На два литра бронзового раствора я зимой всё и рассчитывал. Так-то алхимические зельевары все объёмы рассчитывают по миллилитрам — но это не мой путь.
Пятьсот грамм высушенного осадка из меха манула нужно примешать к двумстам граммам гашёной извести, и хорошенько размешать. Получившуюся смесь присыпать к такому же количеству воды, довести до кипения. Образовавшийся жёлтый осадок выкинуть, нужна только прозрачная вода с серо-жёлтым оттенком. Её пока отложить в сторону.
Взять триста грамм пыли древесного угля, обязательно из ивы. Смешать с таким же количеством пшеничной муки, прилить два литра воды и сто грамм получившегося оранжевого концентрата из тел хитца. Получившуюся мутную жидкость довести до кипения и варить минут пять. Пыль и мука растворятся, а вода приобретёт светло-синий оттенок. Продолжать выпаривать, пока вода не станет оранжевой.

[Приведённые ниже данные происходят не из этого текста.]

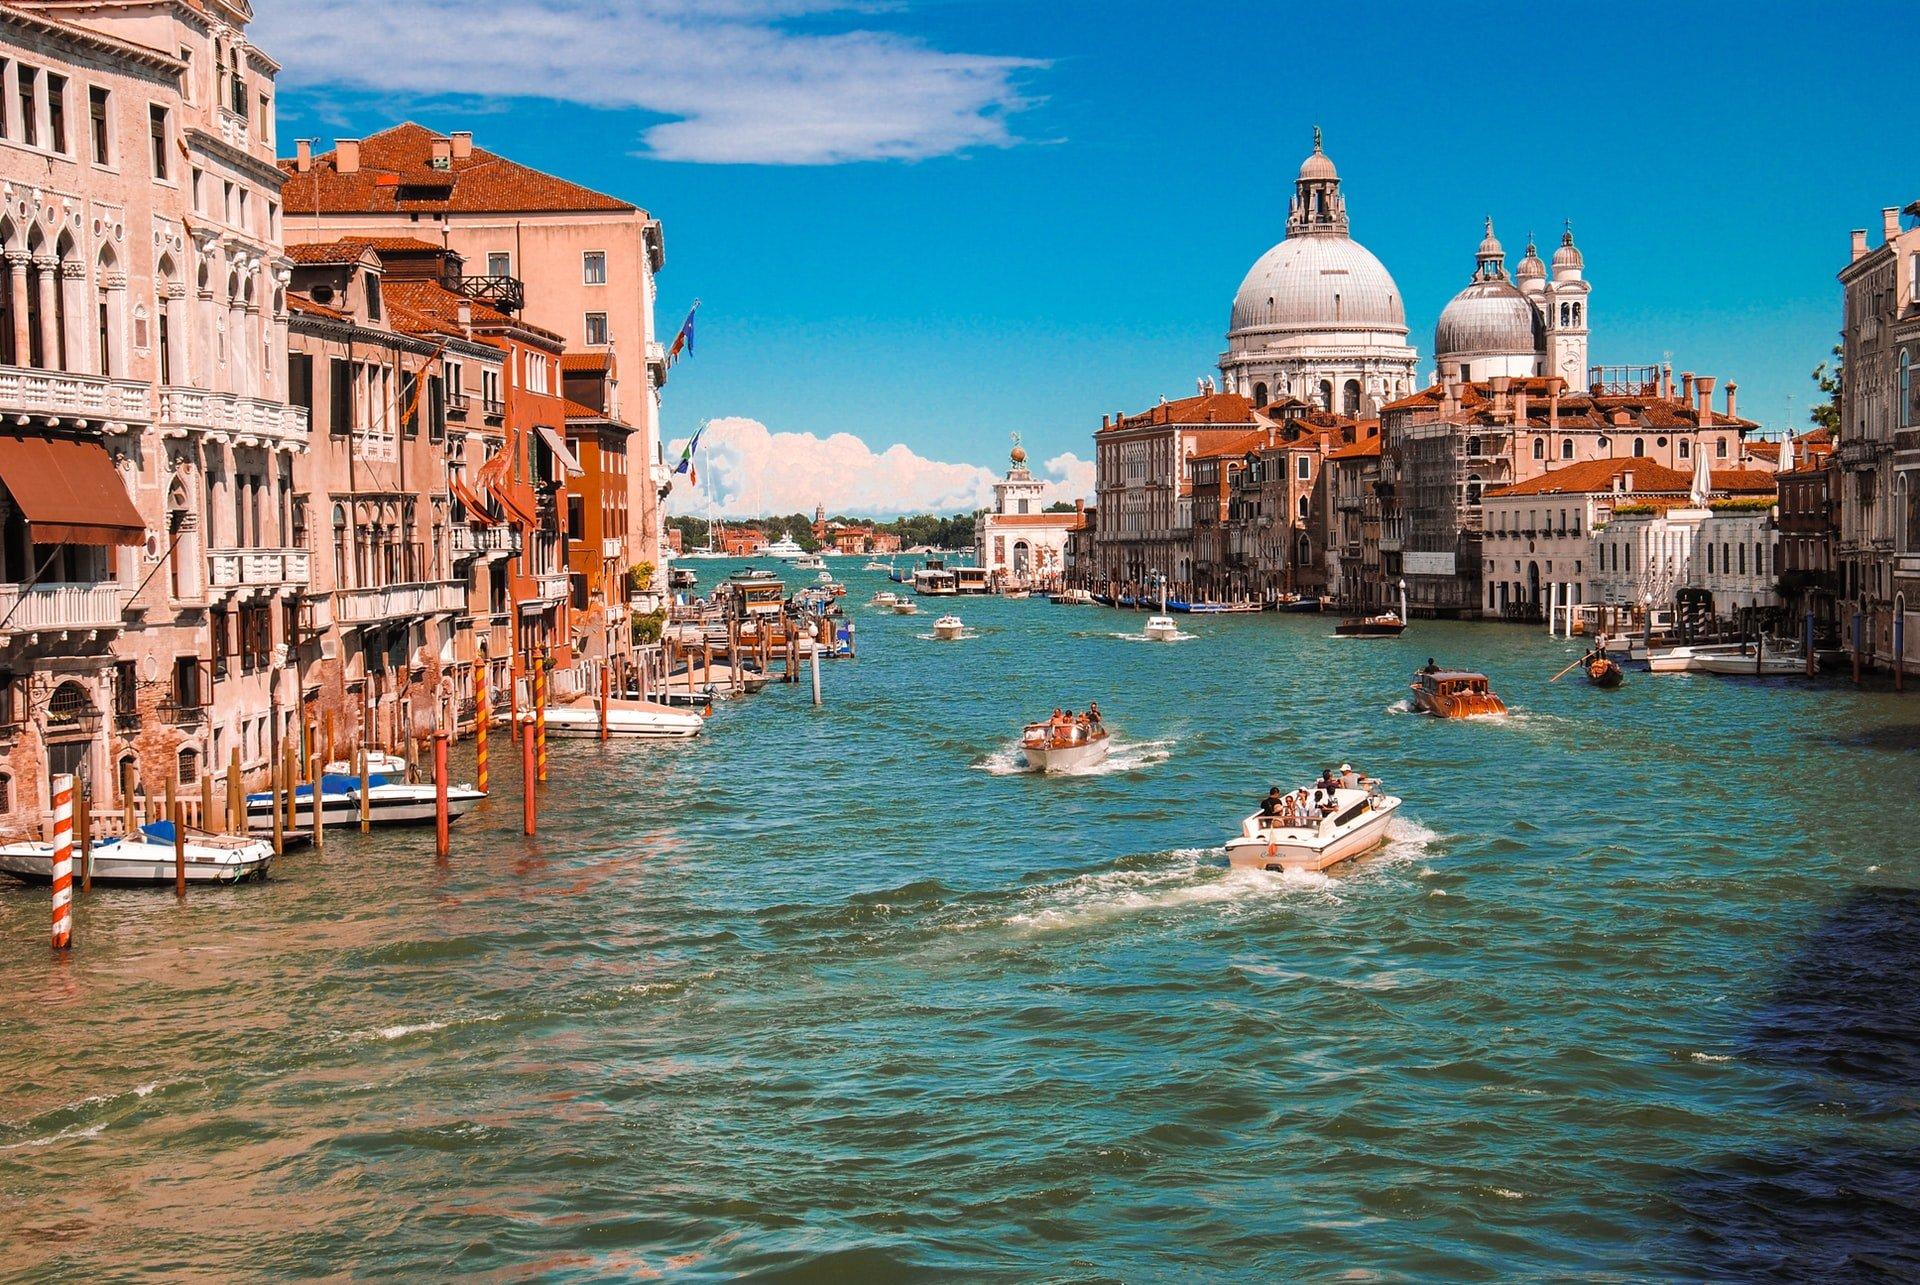 Metropolitan City of Venice, Italy.

Взять сто грамм высокоочищенного спирта, столько же воды, и всыпать килограмм сероватых крупных крупинок от бронзовой кваралитской массы. Поставить ёмкость на огонь. Очень скоро всё это расплавится в тугую карамель бронзового цвета с запахом нашатыря, но к стенкам посуды прилипать не будет.

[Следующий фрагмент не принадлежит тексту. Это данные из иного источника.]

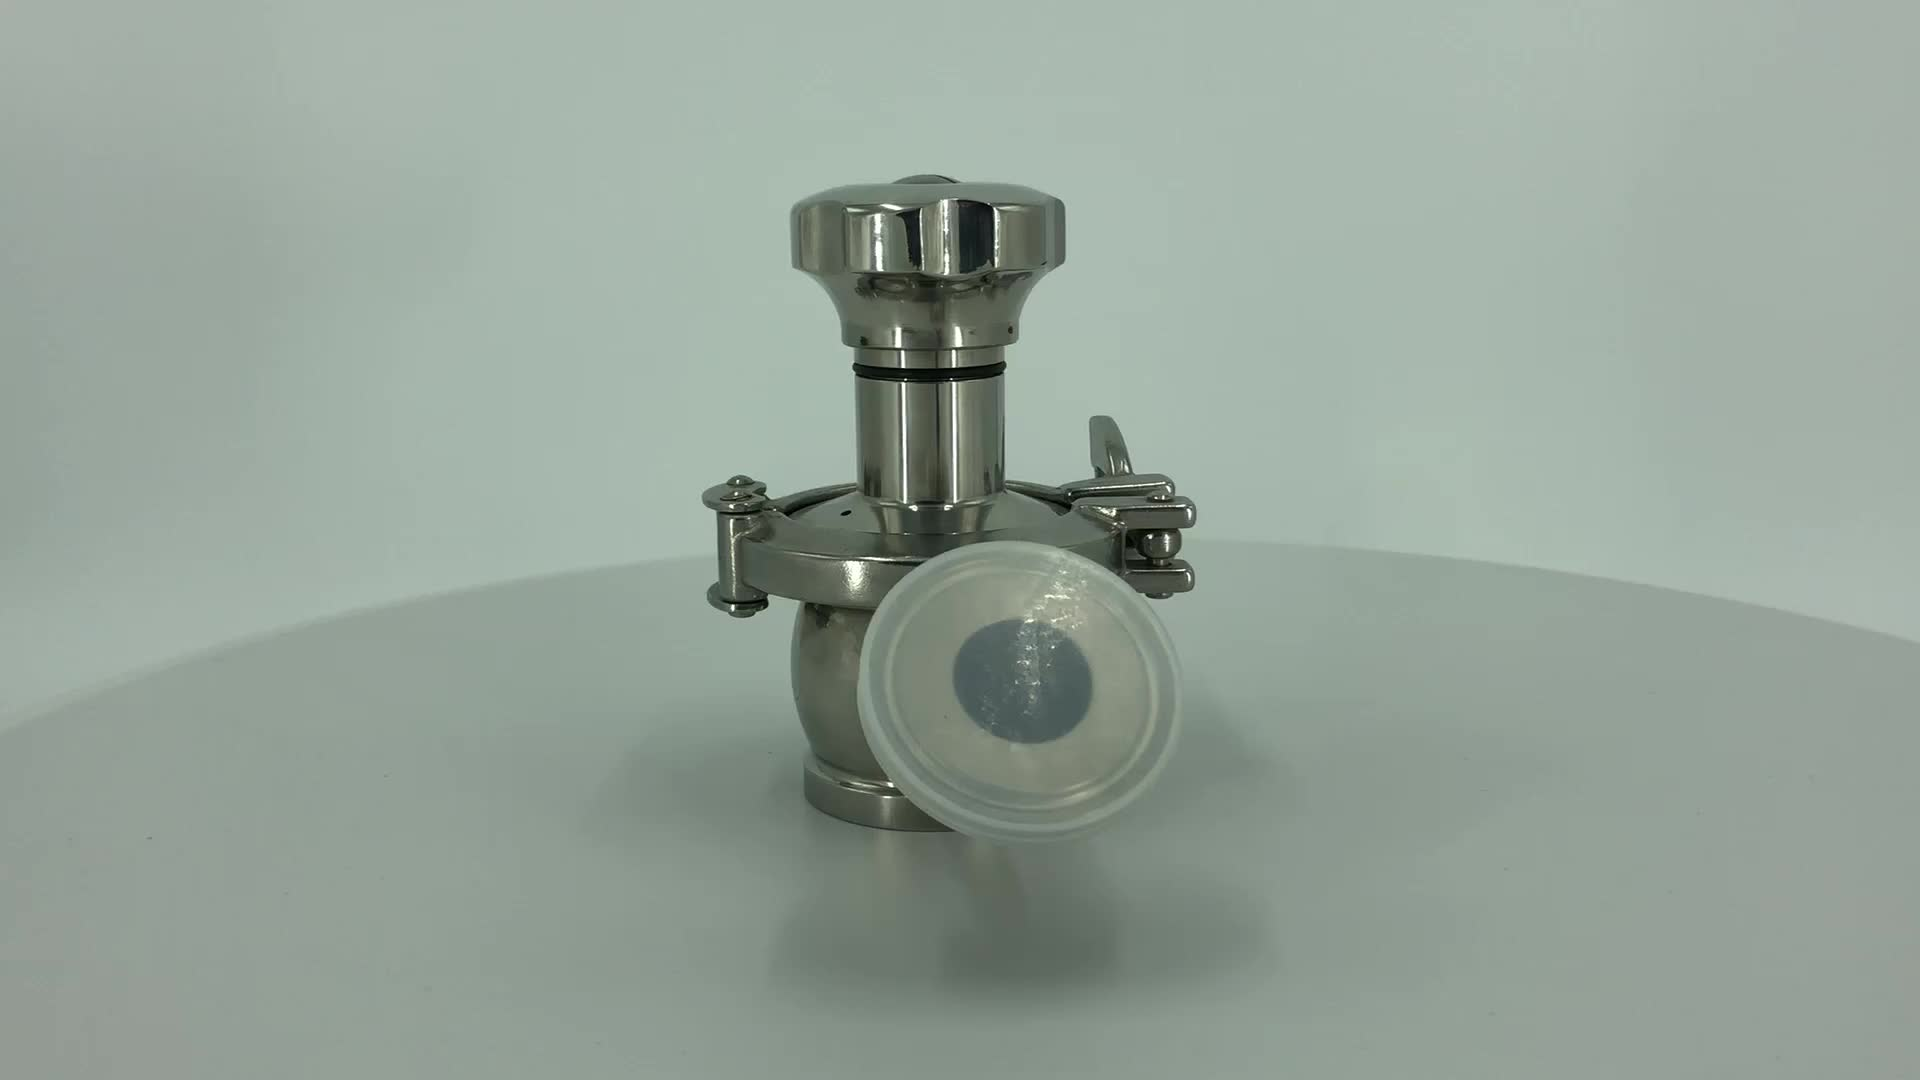 DONJOY Stainless Steel diaphragm control valve food grade diaphragm tank bottom valve

К получившейся карамели влить всю оранжевую воду и размешивать, но до кипения не доводить, иначе можно выбрасывать. Оранжевая жидкость должна парить, в ней будут медленно растворяться кусочки тягучей карамели, а от поверхности всё время будут отходить синеватые ниточки пара. Когда всё будет готово, и карамель полностью растворится — жидкости останется с полтора литра, а сама она станет ярко-красного цвета. В этот момент нужно прилить пол-литра первой воды, со светло-синим оттенком. В этот же момент жидкость начнёт медленно менять свой цвет на циановый, и густеть. Нужно убрать ёмкость с огня и хорошенько перемешать. Бронзовый кваралитский раствор готов. Теперь его перелить по стеклянным банкам, поставить на стеллажи и не трогать, чтобы через час циановую жидкость расчертили двадцать одна бронзовая полосочка. Прекрасный по качеству результат.

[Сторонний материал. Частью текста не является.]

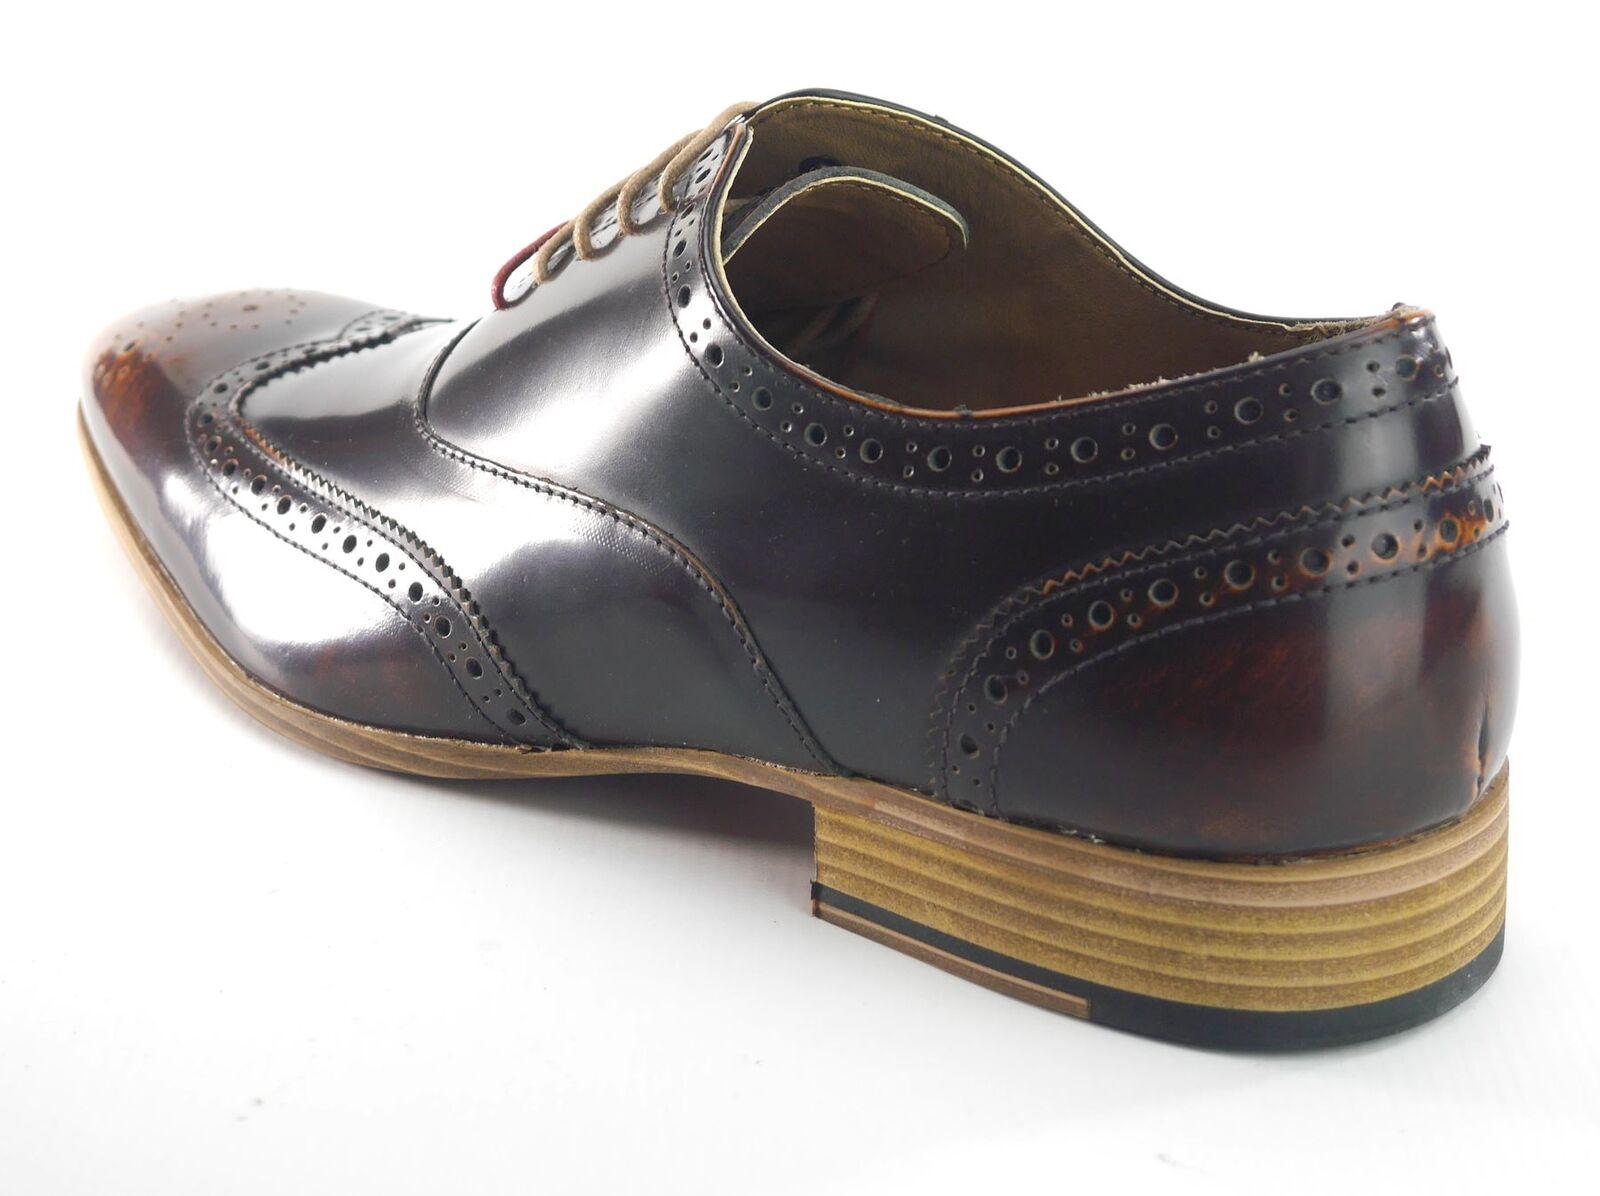 Frank James Norbury Hi  Shine  Hi  Herren Lace Up Brogue Lace Up Schuhes Braun b8ac01

После добычи ядер хитца осталось чуть больше литра, на стеллаже в рабочей зоне стоят стеклянные баночки. Нижняя треть густой циановой жидкости окрашена бронзовым цветом. Смотрю на них, и никак не могу отделаться от назойливого вопроса. Во всех кваралитских растворах, помимо всего прочего, одним из базовых ингредиентов используют пшеничную муку. Не делает ли это растворы — хлебушком?
Зимой, на изготовление двух литров бронзового раствора мне потребовалось чуть больше дня. Но сейчас, летом, на варку десяти литров золотого раствора угробилась неделя. Больше всего времени потрачено на прокаливание зубов червей, притом они даже не являются ингредиентом.
Для бронзового раствора спирт используется как есть, но для прочих его нужно активировать. Для этого в сто грамм спирта всыпают полкило порошка из зубов червей, ставшего после прокаливания чёрным. В небольшой стеклянной колбе прозрачная бесцветная жидкость не будет увеличиваться в объёме, сколько порошка ни всыпай, лишь на пятисотом грамме цвет спирта изменится на ярко-зелёный.
Главными ингредиентами для золотого раствора можно использовать белую пыль Елурской виноградной лозы, выжимку из спинного мозга Нравского крота и порошок из красного корня Аштольской рябины; можно взять кисель из белёсых вытянутых плодов Здаигловской полыни, растущих в местах сочленений гибкого ствола и листьев, пахнущее аптекой содержимое плевательного мешочка Гварнарской ондатры и мелко рубленные толстые основания прожилков листьев Аштольской рябины; и ещё много всяких других способов приготовить золотой раствор. Но важно то, что заллай в изготовлении такого раствора всегда будет три, но магических ингредиентов из животных и растений потребуется гораздо больше.
И это всё даже без того учёта, что ещё зимой, варя бронзовый раствор, я окончательно запутался в происходящем, а сейчас и вовсе решил не забивать себе голову вопросами. Некоторые реагенты при смешивании как бурным потоком выбрасывали в пространство те самые белёсые магические ниточки, некоторые, наоборот, пылесосом поглощали ниточки и рябь, а некоторые и вовсе ничего не делали.
Из десяти литров золотого раствора, расчерченного двадцатью прожилками, три литра я оставил в пещере. Остальные аккуратно сложил в тележку, вместе с остатками бронзового раствора. Туда же принёс палатку, весь необходимый инструмент, запас воды и еды на несколько дней.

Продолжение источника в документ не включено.